Epílogo

Dragosani, a lo largo del hilo de la vida del vampiro, cayó en su propio pasado, pero no fue demasiado lejos. La jornada, sin embargo, aunque breve, lo dejó mareado, lo asustó; pero al final se encontró una vez más metido en un cuerpo de carne. Y de algo más. Un cuerpo lo rodeaba, sí, pero también había allí una mente que no era la suya. Él era parte de otra criatura, de alguien que también estaba ciego… ¡o entenado!

Porque incluso ahora su desconocido huésped luchaba por salir de la tumba, de la oscuridad de una noche de siglos, de la dura prisión de la tierra.

No había tiempo para pensar en las consecuencias, ni siquiera para declarar su presencia ante el otro. Dragosani se sintió sofocado, asfixiado, y sin embargo en el umbral del olvido. Ya había sufrido bastante, y no deseaba seguir padeciendo. Agregó su propia voluntad a la de su huésped y luchó por salir a la superficie. Y de repente, la tierra se abrió arriba de él, y el huésped y Dragosani se sentaron.

Cuando volvieron la cabeza para mirar a su alrededor se desprendieron costras de tierra. Era de noche; por entre las ramas de los árboles se veían las estrellas. ¡Dragosani podía ver!

Pero… el lugar le resultaba conocido.

En la oscuridad había alguien que lo miraba fijamente. La visión de Dragosani se aclaró junto con la de su huésped… y entonces fue como si a su mente todavía vacilante le hubieran asestado un fuerte martillazo.

—YO… YO PUEDO… VERTE —retumbó su voz.

Dragosani vio… y el terror reinó otra vez en las colinas cruciformes.

Y después apareció una segunda silueta en la oscuridad, una figura baja y rechoncha que dijo con voz suave:

—¡Eh, criatura de la tierra!

Y un instante más tarde se oyó el silbido del dardo de palosanto que se clavó en el cuerpo del huésped y quedó alojado allí. Y Dragosani unió sus aullidos a los de su horrible huésped e intentó volver con él a la tierra, pero no había escapatoria. No podía creerlo. ¡No podía ser que acabara así!

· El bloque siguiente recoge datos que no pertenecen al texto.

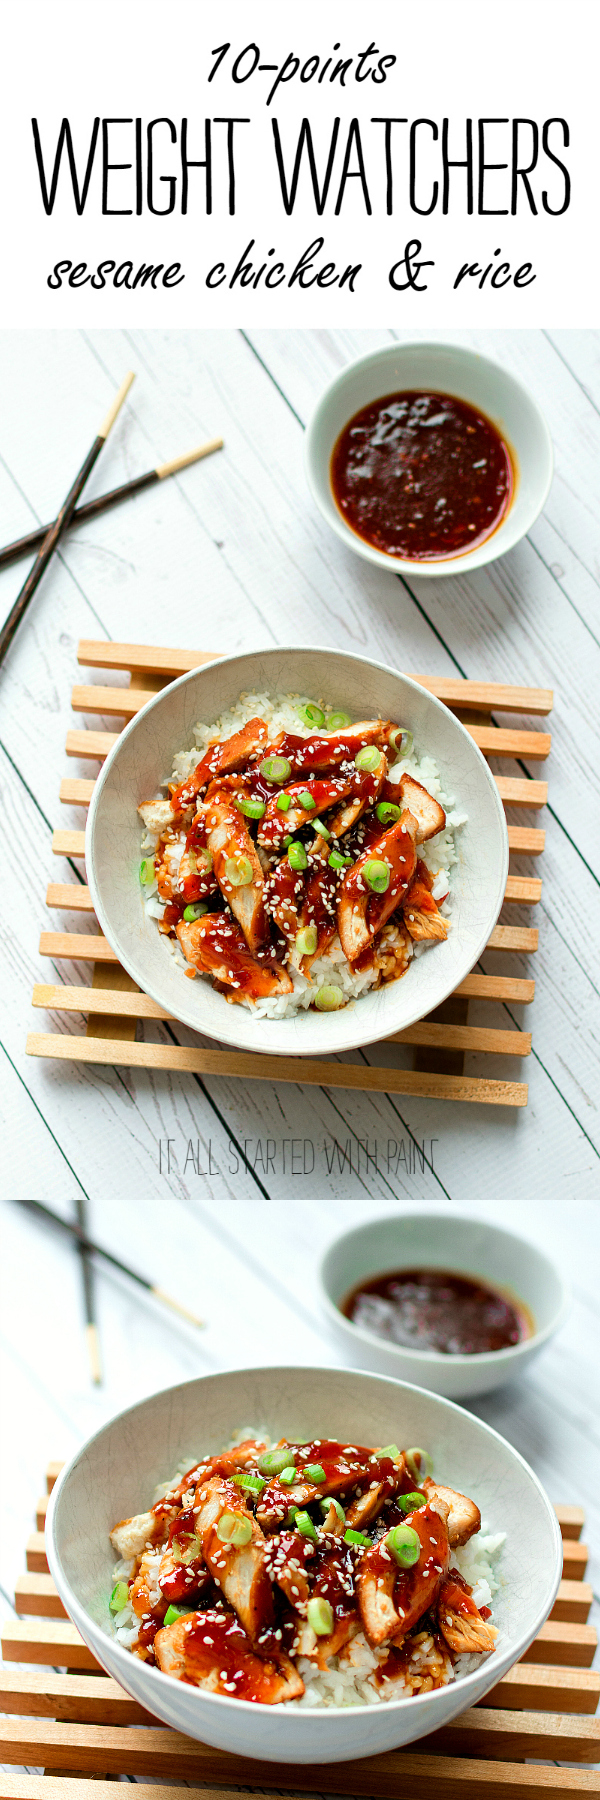 Sesame Chicken Recipe for Weight Watchers - Healthy and Easy
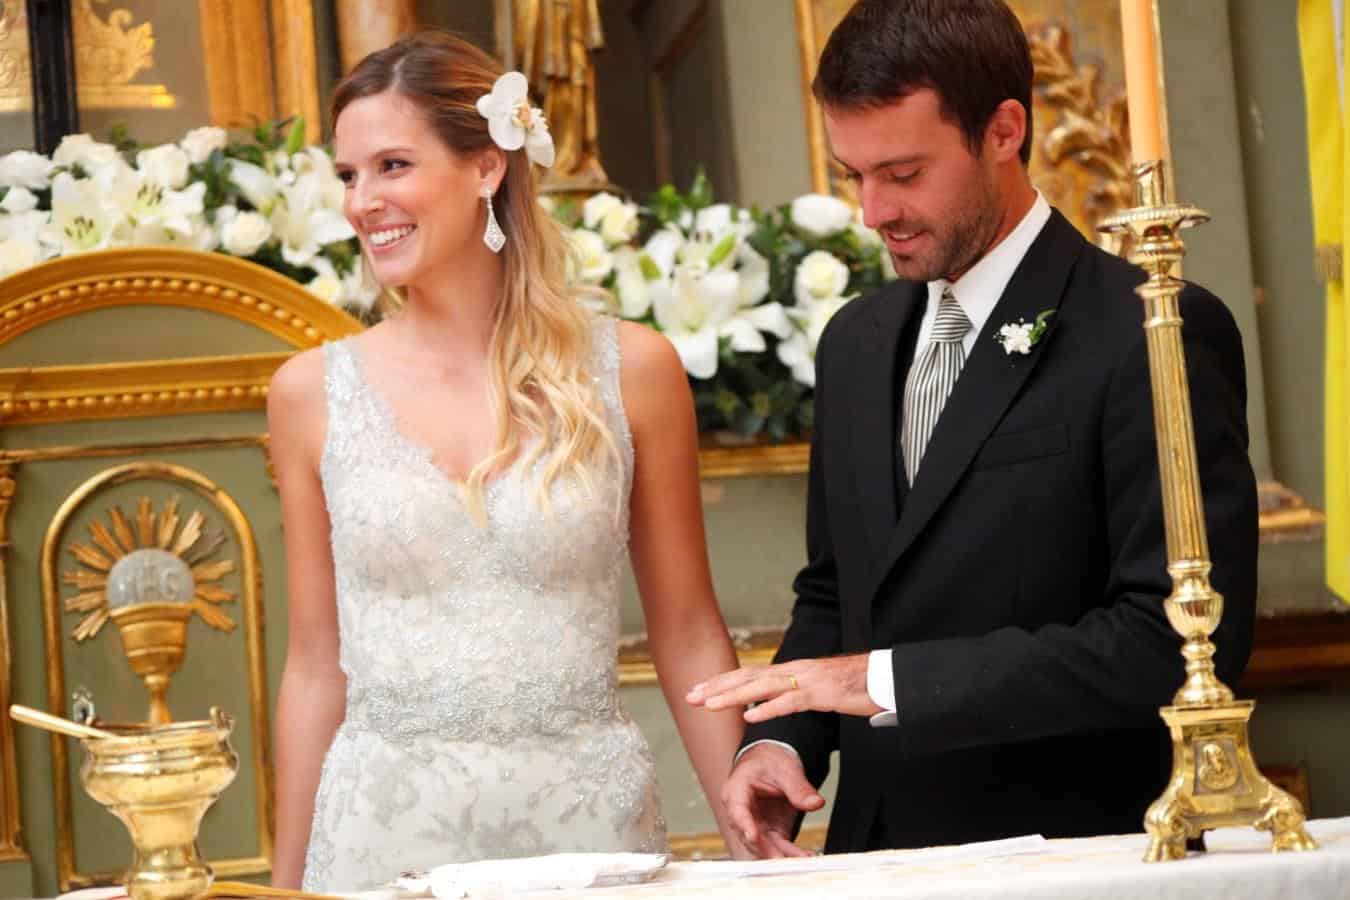 Facundo Pieres and Agustina Wernicke walked down the altar together united by Piaget

—¡ESPERA! —gritó con la voz de su huésped cuando la primera figura se acercó con algo en la mano que brillaba a la luz de las estrellas—. ¿NO ME VES? ¡SOY YO!

Pero el otro Dragosani no sabía nada, no entendía nada, y no iba a esperar. Y la hoz que llevaba pareció un relámpago de acero cuando golpeó con una fuerza irresistible.

—¡TONTO! ¡MALDITO TONTO! —aulló la cabeza decapitada de Ferenczy/Dragosani. Y supo que ésta era sólo una de las mil agonías, de las mil muertes que le esperaban en la infinita torsión escarlata de su existencia de Mobius. Había sucedido antes, sucedía ahora, sucedería otra vez… y otra… y otra…

¡Tonto!, dijeron por última vez sus labios ensangrentados… era su última palabra, pero en esta ocasión se la decía a sí mismo.